SUMMARY OF THE INVENTION

[0010] The present invention is directing to a speech input apparatus and a method for obtaining a clear speech signal by suitably processing the input speech in accordance with the environment related to the input time.

[0011] According to an aspect of the present invention, there is provided a speech input apparatus comprising: a receiving unit configured to receive a speech signal; a signal processing unit configured to process the speech signal; a memory configured to store environment information related to time; a time measurement unit configured to measure a time; and a control unit configured to retrieve environment information related to the time from said memory, and to control the processing of said signal processing unit in accordance with the retrieved environment information.

[0012] According to another aspect of the present invention, there is also provided a method for inputting a speech, comprising: storing environment information related to time in a memory; receiving a speech signal; measuring a time; retrieving environment information related to the time from the memory; determining a processing method to process the speech signal in accordance with the retrieved environment information; and executing the processing method for the speech signal.

[0013] According to still another aspect of the present invention, there is also provided a computer program product, comprising: a computer readable program code for causing a computer to input a speech, said computer readable program code comprising: a first program code to store environment information related to time in a memory; a second program code to receive a speech signal; a third program code to measure a time; a fourth program code to retrieve environment information related to the time from the memory; a fifth program code to determine a processing method to process the speech signal in accordance with the retrieved environment information; and a sixth program code to execute the processing method for the speech signal.

BRIEF DESCRIPTION OF THE DRAWINGS

[0014]
FIG. 1 is a block diagram of one component of a speech input system according to the present invention.

[0015]
FIG. 2 is a flow chart of processing of the speech input system according to the present invention.

[0016]
FIG. 3 is a block diagram of another component of the speech input system according to the present invention.

[0017]
FIG. 4 is a block diagram of one component of a terminal including the speech input system of the present invention.

[0018]
FIGS. 5A and 5B are schematic diagrams of examples of use of the speech input system.

[0019]
FIG. 6 is a schematic diagram of the relationship between environment information and processing contents according to a first embodiment of the present invention.

[0020]
FIG. 7 is a schematic diagram of the relationship between the environment information and the processing contents according to a second embodiment of the present invention.

[0021]
FIG. 8 is a schematic diagram of the relationship between the environment information and a parameter according to a third embodiment of the present invention.

[0022]
FIG. 9 is a flow chart of the processing of the speech input system according to a fourth embodiment of the present invention.

[0023]
FIG. 10 is a schematic diagram of the relationship between the environment information and the parameter according to a fourth embodiment of the present invention.

[0024]
FIG. 11 is a schematic diagram of the relationship between the environment information and the parameter according to a seventh embodiment of the present invention.

[0025]
FIG. 12 is a schematic diagram of request and receiving of information between two speech input systems through a communication unit according to an eighth embodiment of the present invention.

[0026]
FIG. 13 is a block diagram of one component of the speech input system according to a ninth embodiment of the present invention.

[0027]
FIG. 14 is a schematic diagram of the relationship between the environment information and the parameter according to a ninth embodiment of the present invention.

[0028]
FIG. 15 is a block diagram of one component of the speech input system according to a tenth embodiment of the present invention.

[0029]
FIG. 16 is a block diagram of one component of the speech input system according to an eleventh embodiment of the present invention.

DETAILED DESCRIPTION OF THE EMBODIMENTS

[0030] Hereinafter, various embodiments of the present invention will be explained by referring to the drawings.

[0031]
FIG. 1 is a block diagram of one component of the speech input system according to the present invention.

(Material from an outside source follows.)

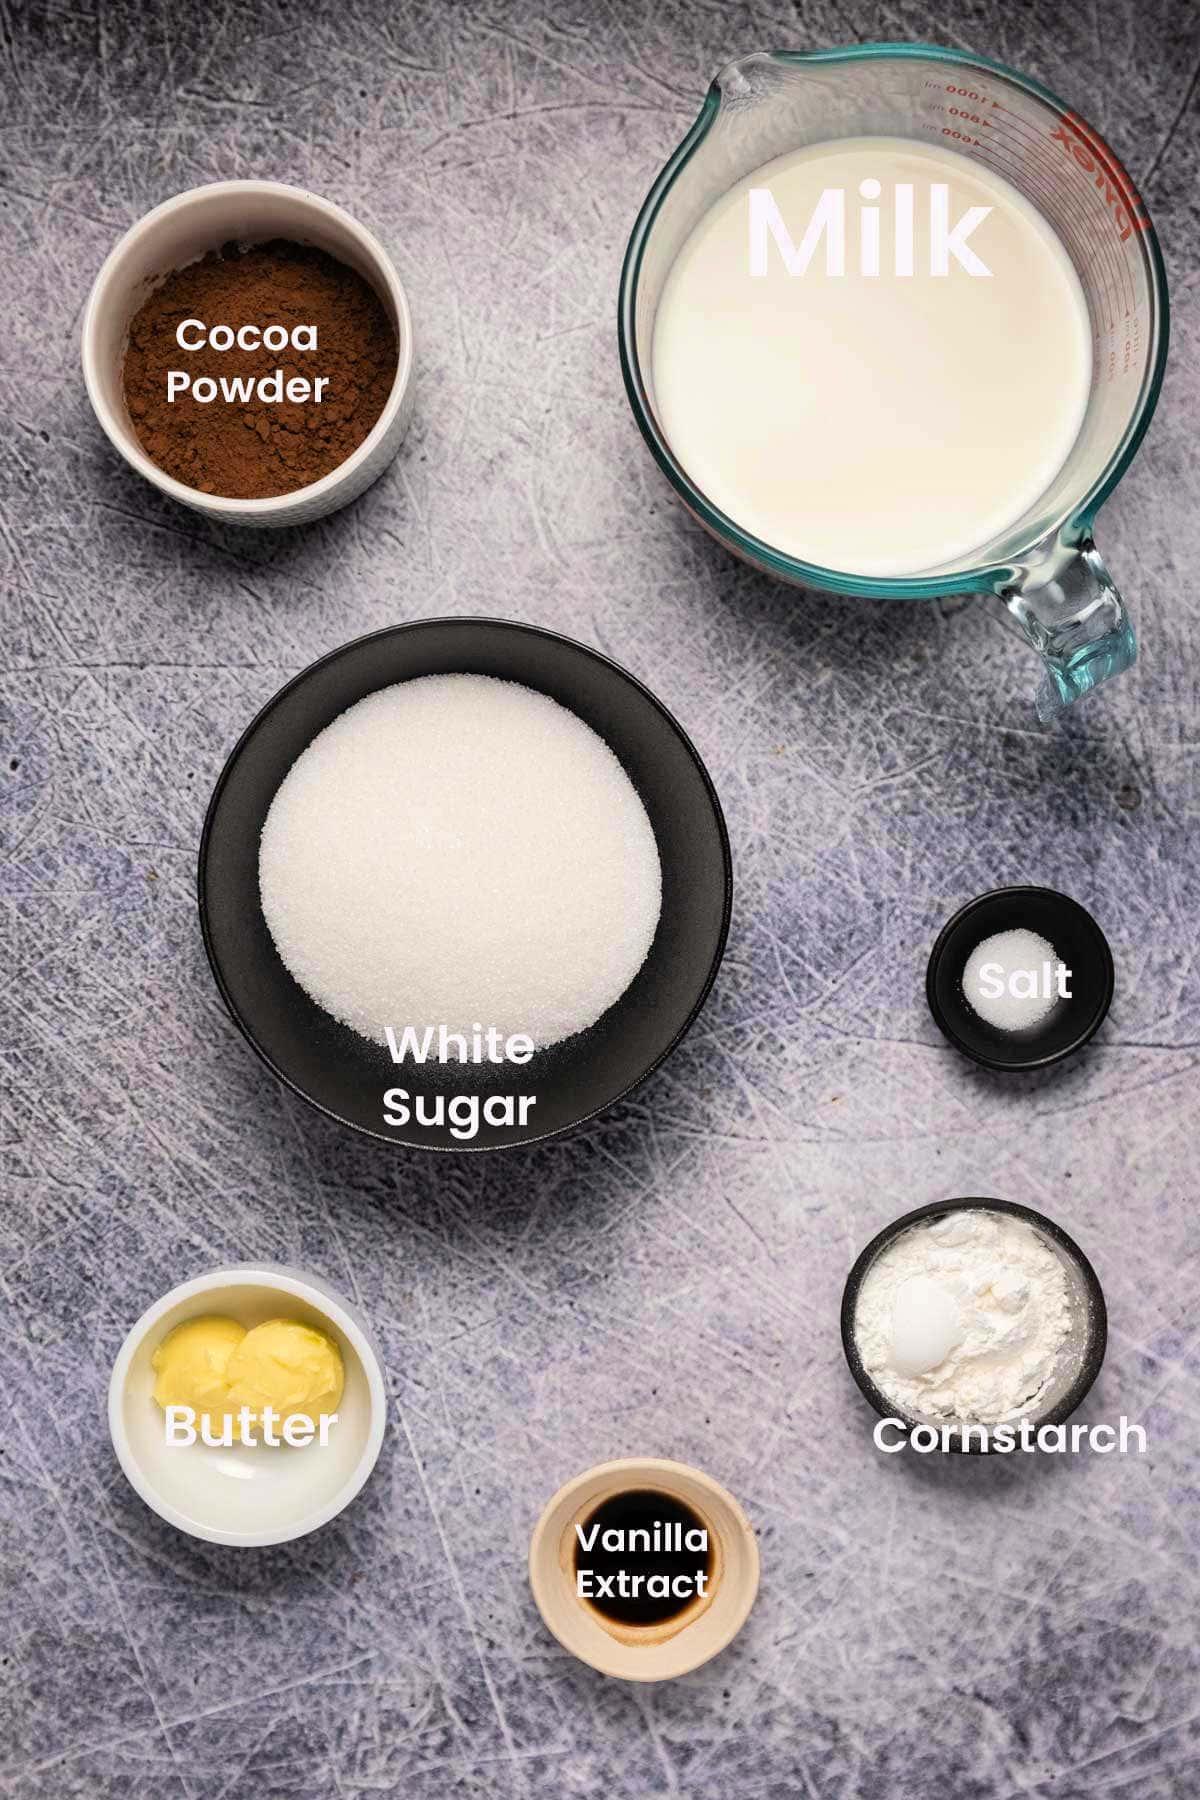 Ingredients to make chocolate pudding.

In FIG. 1, the speech input system 101 includes following units. A communication unit 102 receives an input speech. A memory unit 103 stores a plurality of environment information and specific information corresponding to a different time. A signal processing unit 104 executes various kinds of signal processing such as noise reduction and speech recognition. A control unit 105 includes a CPU and controls the signal processing unit 104 based on the environment information stored in the memory unit 103. The control unit 105 includes a time measurement unit 105-1 (a clock means for measuring actual time or a count means for counting the passage of time). The time measurement unit 105-1 may obtain time information by receiving a time signal from outside the system such as an electronic wave clock. The time information may be relative time such as time passed from measurement start time or actual time, such as year-month-day-time.

[0032] A communication unit 102 connects with a microphone 106, another device 107 (such as information storage equipment, record/play equipment, a speech system), and a network 108 through a wired or a wireless connection. The communication unit 102 receives a speech input from the outside and sends a speech output to the outside. The communication unit 102 may include a function to convert data to a format suitable for processing by the signal processing unit 104.

[0033] As used herein, those skilled in the art will understand that the term “unit” is broadly defined as a processing device (such as a server, a computer, a microprocessor, a microcontroller, a specifically programmed logic circuit, an application specific integrated circuit, a discrete circuit, etc.) that provides the described communication and functionally desired. While such a hardware-based implementation is clearly described and contemplated, those skilled in the art will quickly recognize that a “unit” may alternatively be implemented as a software module that works in combination with such a processing device.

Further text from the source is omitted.